_The data_.
==================================================
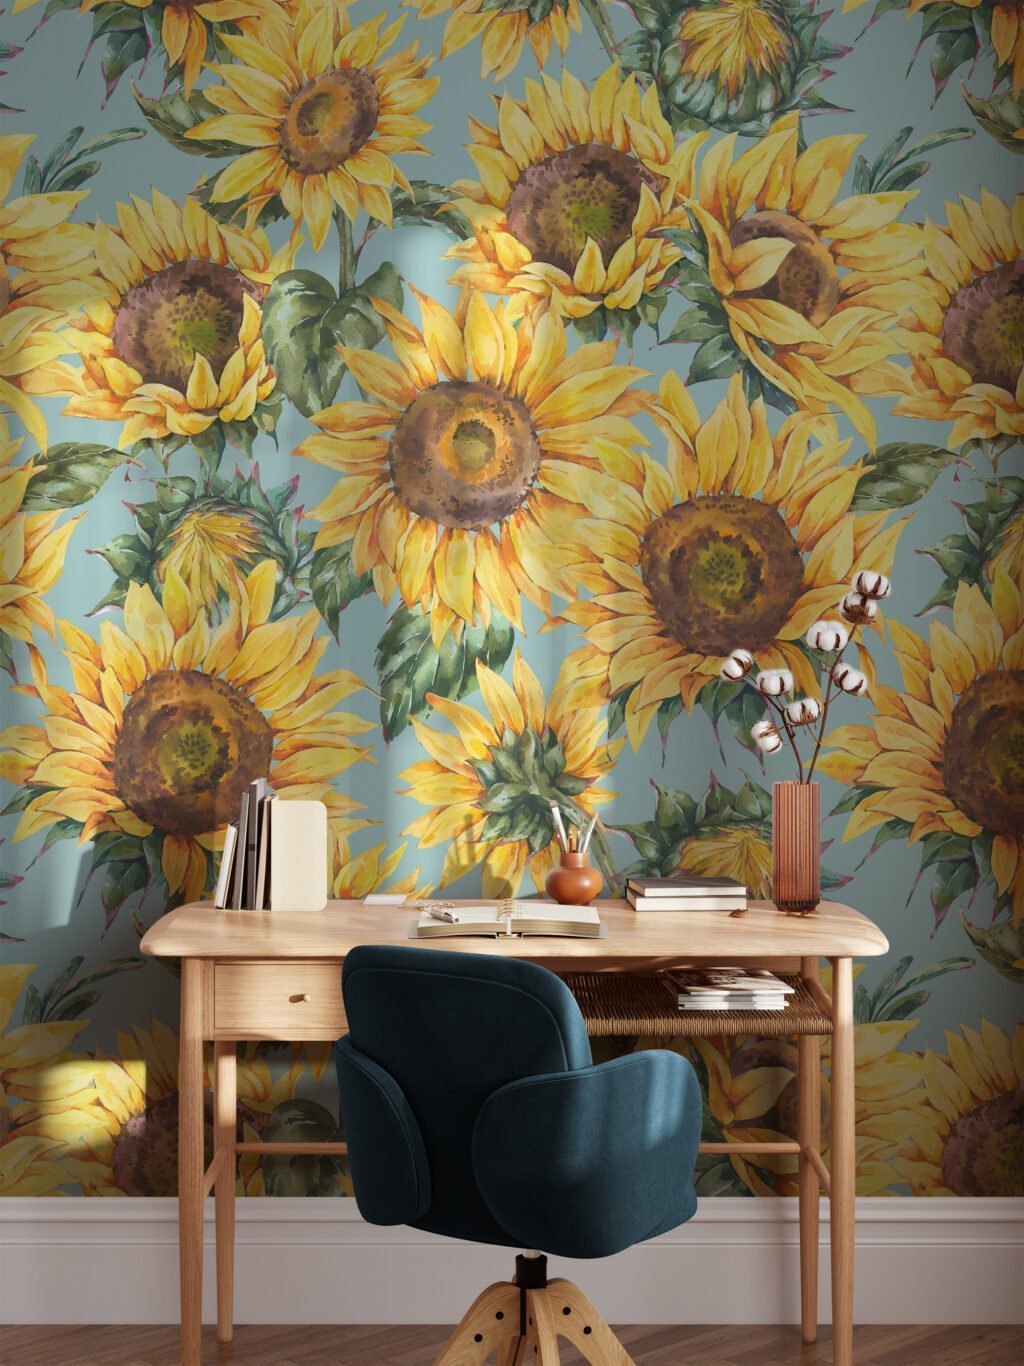 Watercolor Style Sunflowers Floral Illustration Wallpaper, Sunny Flower Peel & Stick Wall Mural
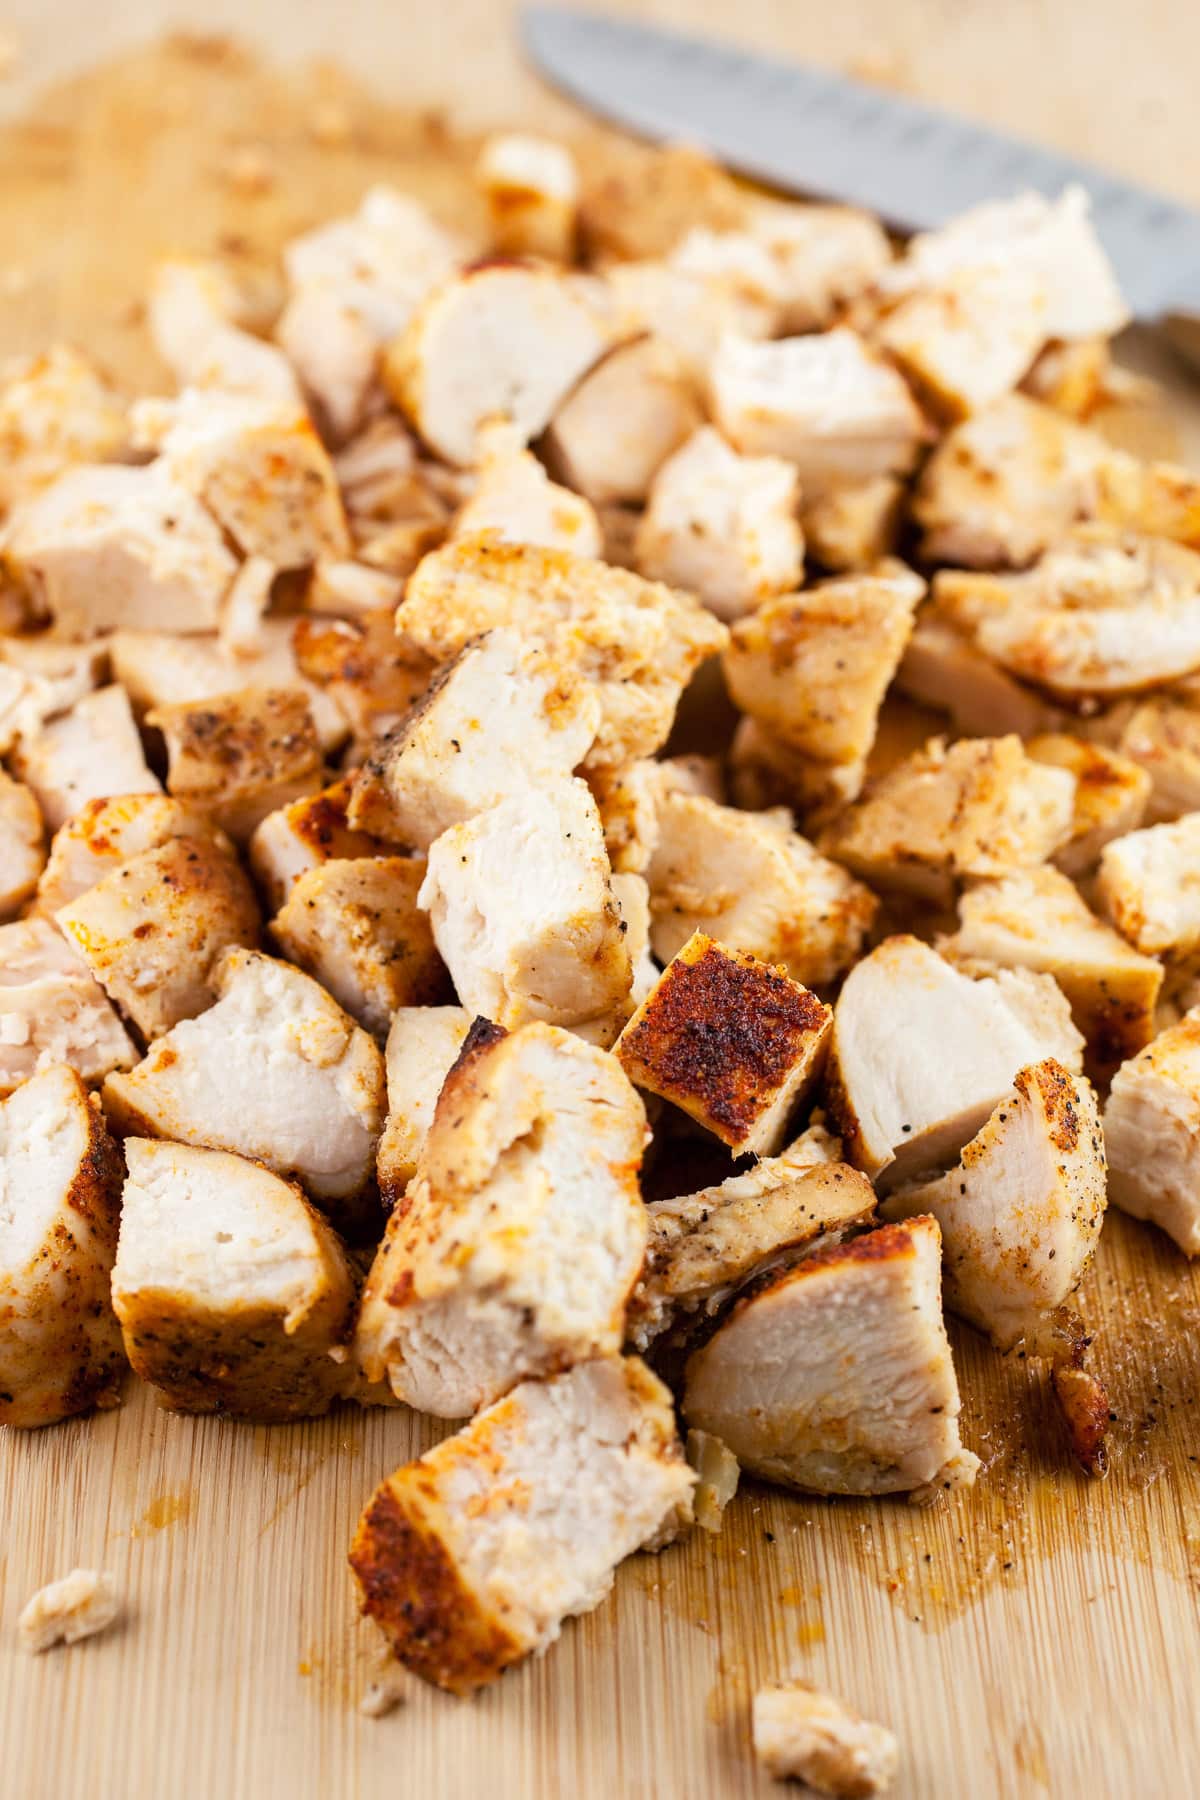 Diced roasted chicken breasts on wooden cutting board.
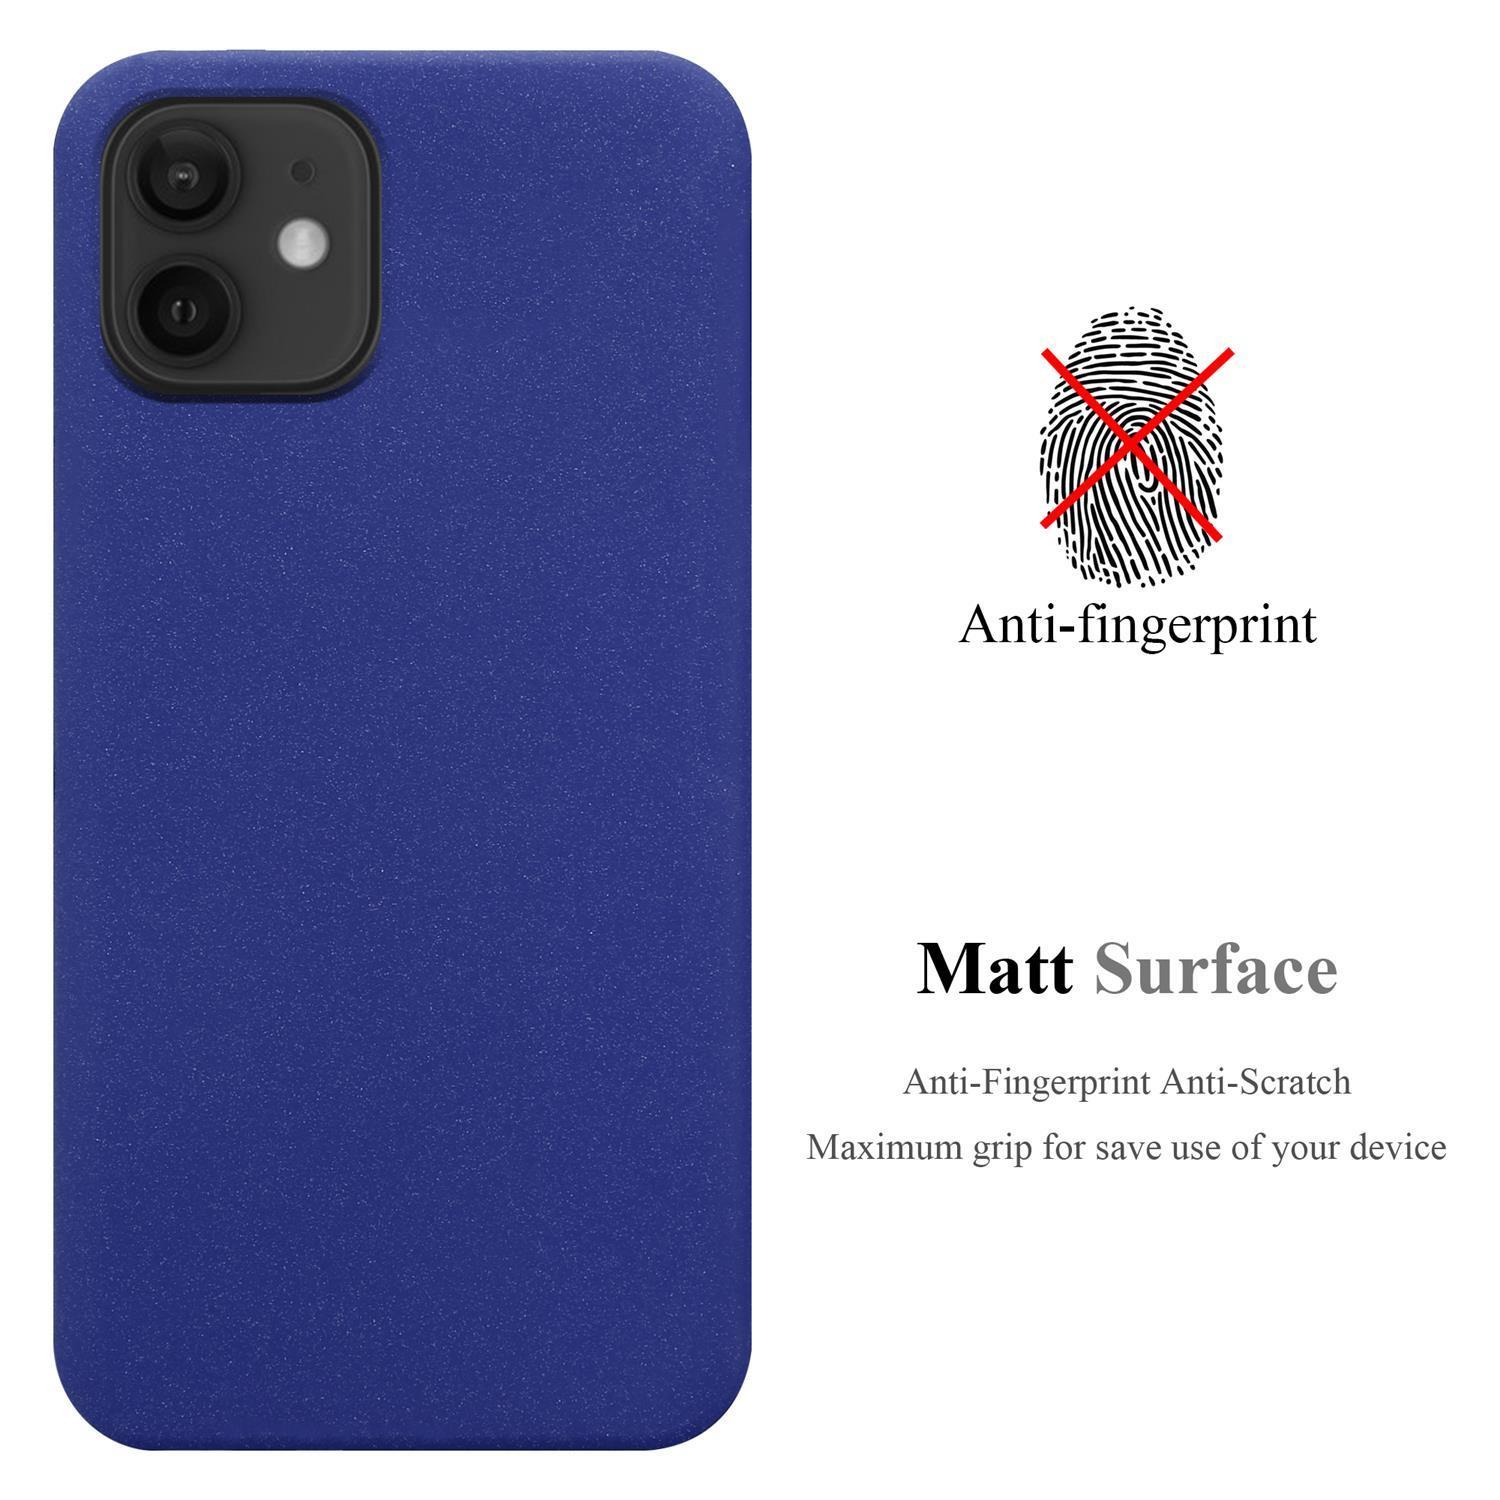 12 BLAU 12 iPhone PRO, / CADORABO DUNKEL Backcover, Apple, FROST Schutzhülle, Frosted TPU
==================================================
_Exercise instructions_.
From the first line of the material to the last, retype everything exactly except the images.

_Exercise result_.
 Watercolor Style Sunflowers Floral Illustration Wallpaper, Sunny Flower Peel & Stick Wall Mural
 Diced roasted chicken breasts on wooden cutting board.
 12 BLAU 12 iPhone PRO, / CADORABO DUNKEL Backcover, Apple, FROST Schutzhülle, Frosted TPU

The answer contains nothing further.